I can’t find my accommodation listed in the operator pick up locations as I’m making my booking. What should I select?
This operator only offers pick-ups from the hotel and hostel accommodation listed, this covers over 90% of the accommodation providers in the area. They do not provide pick-ups or drop-offs at private residences, Airbnbs, bus terminals etc. Select an alternative close by and be ready there for pick-up at the time on your booking confirmation
How do I avoid altitude sickness?
Take Soroche (Diamox) pills, eat small meals, drink coca tea, drink lots of water, and avoid alcohol (it’s a dehydrator). The best way to avoid altitude sickness is to acclimatize yourself. The recommended approach for acclimatization is to ascend gradually, spending at least 24 hours at every 2,000ft increase in altitude.
Will I have problems with altitude sickness on this tour?

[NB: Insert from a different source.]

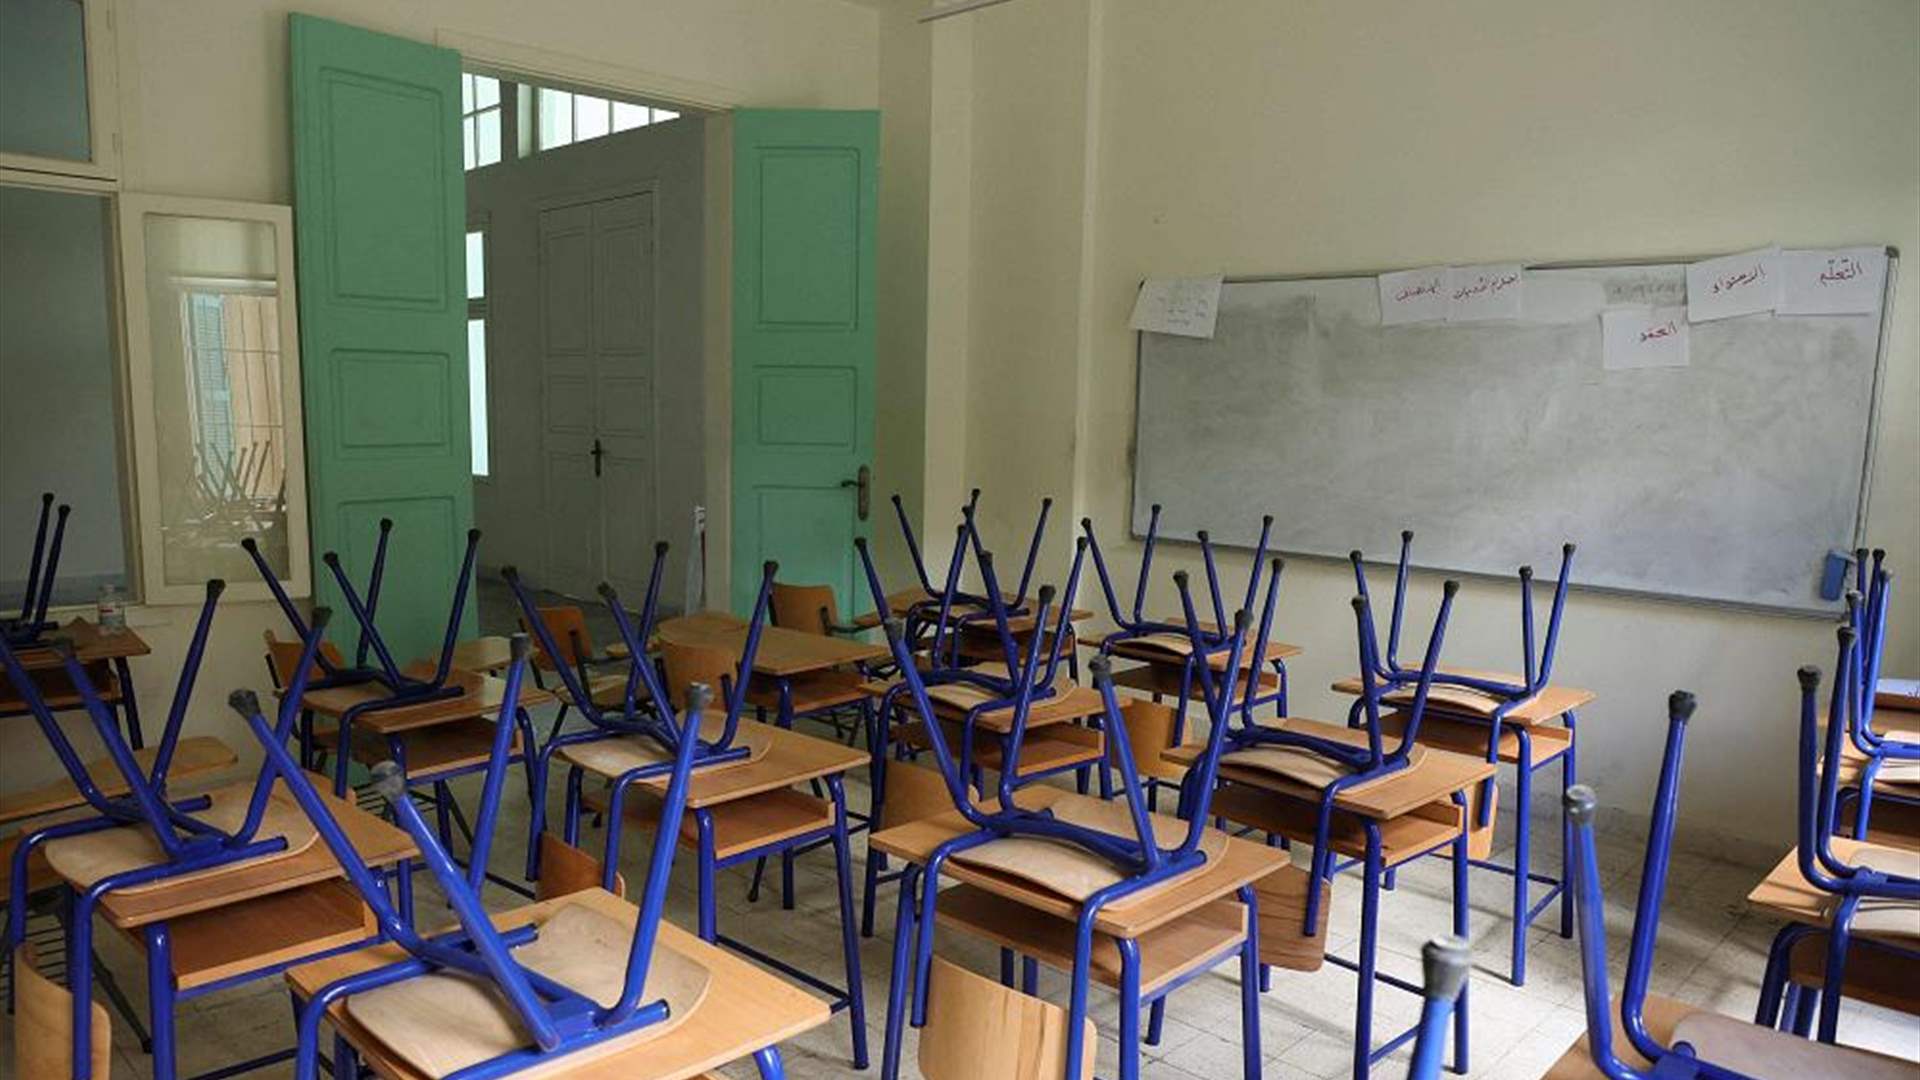 الأمانة العامة للمدارس الكاثوليكية تدعو الى اقفال المدارس يوم الجمعة

Altitude sickness can catch many travellers a little bit off guard. Not everyone gets sick in high altitudes, and it is difficult to predict who is likely to be badly affected by it. For most people, it is nothing more than a headache and a dizzy sensation that diminishes over a short period of time, 1 to 2 days for most people. If you want to limit your chances of getting sick, there are a few things you can do. Firstly, do not fly directly into high altitude - proceed slowly, allowing your body time to acclimatise as you ascend gradually. However, for many that is not possible, so it’s important to drink lots of water, and to slow down! This sounds simple, but both of these things are very important. Your body is struggling because you don’t have enough oxygen, so avoiding any strenuous activity is a good idea. Chew some coca leaves - the native people of South America have been chewing coca for centuries, thanks to its ability to alleviate mild altitude sickness symptoms. Coca leaves can be bought in any supermarket, and even souvenir shops or street stalls. Take altitude sickness pills (Soroche): these are sold over the counter all over Peru and Bolivia, and are just a few dollars. If you are flying straight into altitude over 2500 metres without spending any time at an intermediate elevation, and you’re worried about getting sick, you can ask your doctor for more specific and stronger altitude sickness medication in advance. In the rare case that your symptoms are more severe than a headache and mild dizziness, you should descend in altitude and seek medical assistance.